Naomi Irish, wearing a white lab coat and blue safety gloves next to the PacBio Revio sequencer

Naomi with the PacBio Revio platform

Naomi Irish, wearing a white lab coat and blue safety gloves using the Oxford Nanopore promethion 2 solo sequencer

The Oxford Nanopore Technologies Promethion 2 Solo platform in the EI labs

Long-read sequencing is a skill set that Naomi learnt by doing. When Naomi first started, the throughput simply wasn't there. She describes loading sequencers three times a week, running library preparation in between, and waiting up to 14 days to see results. Today, that same process can take just 36 hours. As a result, preparing libraries for sequencing takes longer than the sequencing itself. Naomi has had to adapt quickly to this new challenge - working out new ways to prepare samples for sequencing to keep pace. 

"I have seen the technology change and grow - there is a huge difference in the scale of the projects, which organisms are possible to sequence, and there have been significant improvements in the QC. We have been able to measure things we have never measured before,” Naomi says.

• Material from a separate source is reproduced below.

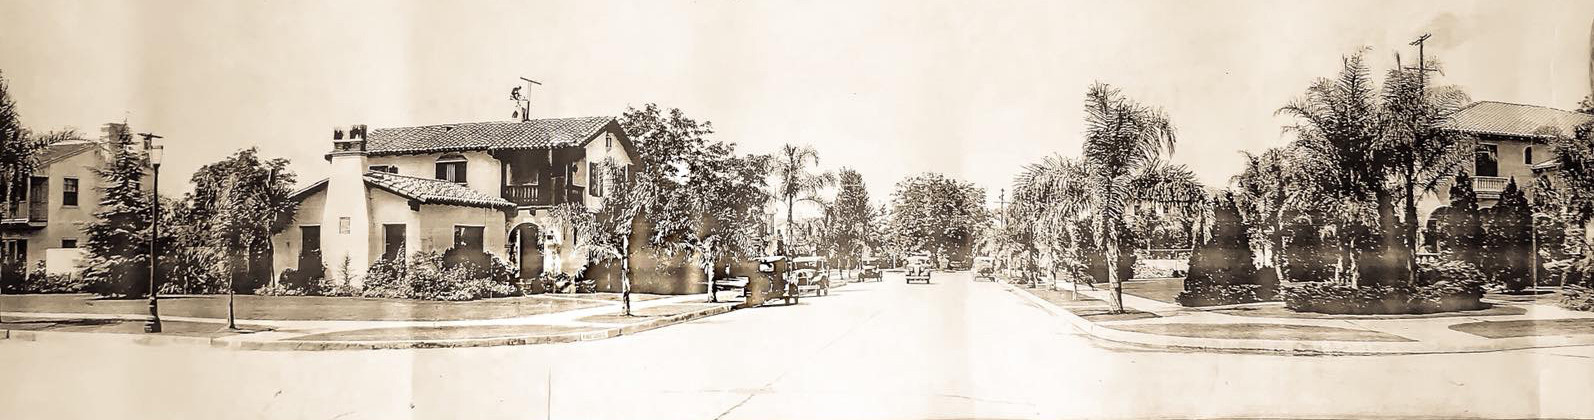 historic Floral Park Santa Ana

Part of the job is creativity and problem-solving - finding solutions, thinking about improvements, fixing things as you go. It's weird, awkward, and wonderful all at once: trying to solve something that's never been done before

Problem-solving sequencing challenges

Naomi thrives on a challenge - using creativity and problem-solving to work out how to sequence notoriously difficult genomes, such as those of protists. Euglena is one such organism, teeming with bacteria and other contaminants, isolating and collecting a clean DNA sample is hugely complex. This isn't just technically demanding; it also requires real ingenuity to keep the process as cost-effective as possible.

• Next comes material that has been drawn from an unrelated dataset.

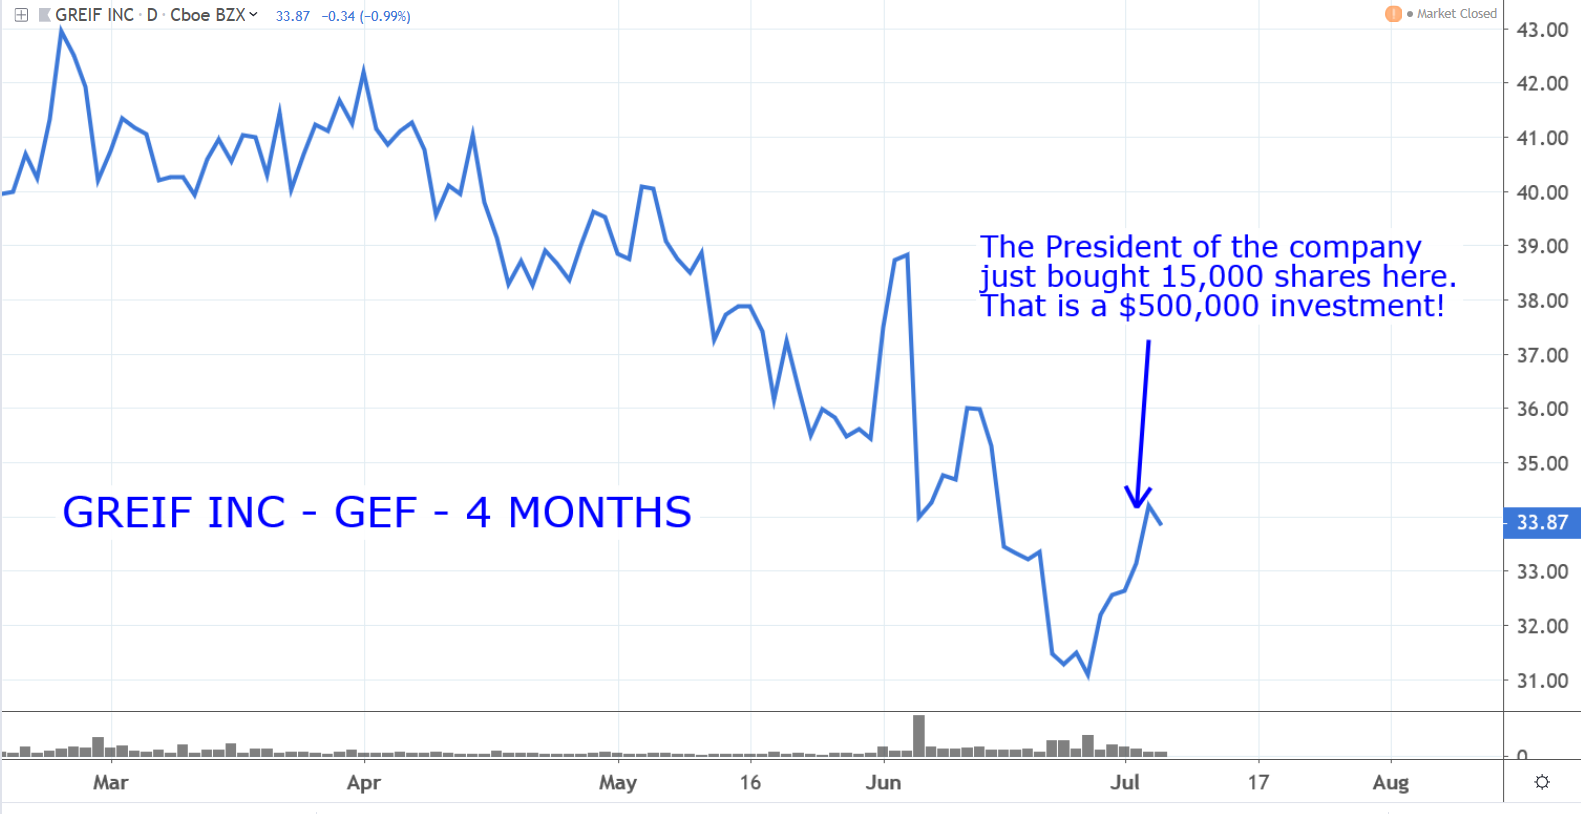 Stocks to Buy: Greif (GEF)

"Cost is always going to be a drawback. Human sequencing has money behind it, but for a lot of the organisms we work on, there's very little budget, and there isn't always an established way of doing things for that species. So, part of the job is creativity and problem-solving - finding solutions, thinking about improvements, fixing things as you go. It's weird, awkward, and wonderful all at once: trying to solve something that's never been done before," she adds.

Furthermore, Naomi’s expertise in long-read sequencing has been integral to unlocking previously undecoded parts of the human genome. Her technical skill set has enabled the discovery of thousands of previously unannotated transcripts with significant impact. Alternative splicing - a key driver of transcript diversity - can profoundly impact gene function, and its dysregulation is frequently linked to diseases such as cancer and neurological disorders. 

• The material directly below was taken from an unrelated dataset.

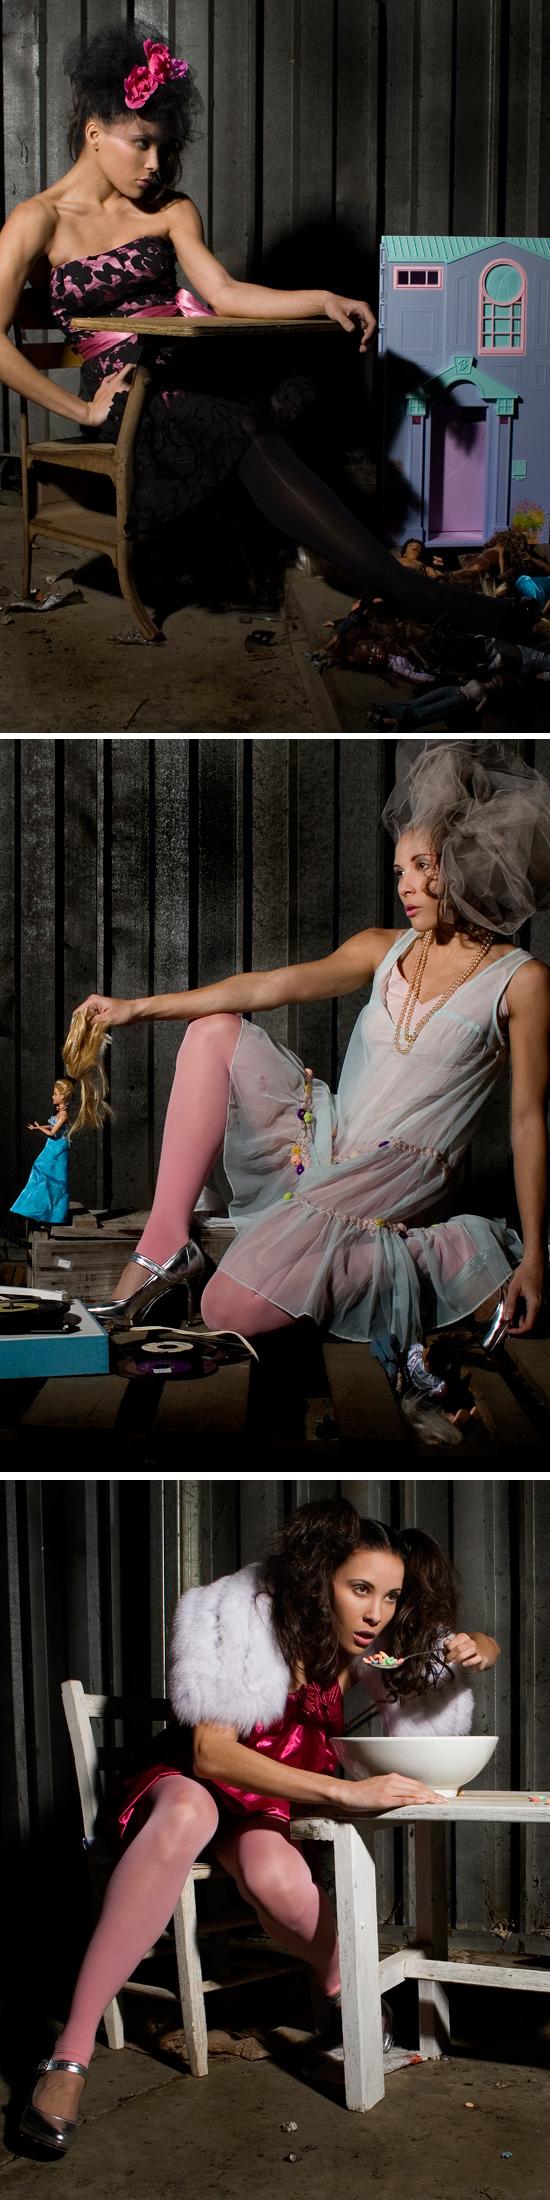 Germany Feb 03, 2008 Photography, Hair & Styling: Laretta Houston | MUA & Styling: Mimi J  The Inner Child

If you're a curious person who likes to ask questions and figure things out, even if you're not academically minded, there are so many technical roles out there for you. It just takes wanting to know more and always wanting to be learning.

Resilience and curiosity; key traits for a technical specialist

Naomi is an expert in her field, with a skill set built over years of experience at the frontier of bioscience. Even so, she must advocate strongly for herself in the absence of a traditional academic career. 

One of the challenges of life as a research technical specialist is the absence of formal milestones: without the steady rhythm of publications, it becomes essential to be able to vouch for yourself and the value you bring to research.

"You have to be quite resilient - it fails many times before it works. We plan projects really carefully so we don't have to do it twice; often you can only do it once. Sometimes, we're talking tens of thousands of pounds, so failure isn't something you can afford to be casual about, and it takes a lot of mental focus to concentrate at that level for that long,” Naomi says.

“If you're a curious person who likes to ask questions and figure things out, even if you're not academically minded, there are so many technical roles out there for you. It just takes wanting to know more and always wanting to be learning."

If you visit the Earlham Institute, you might not find Naomi at her desk - but you'll know exactly where she is: in her happy place in the lab, untangling the sequencing challenges that underpin some of the most exciting discoveries in science.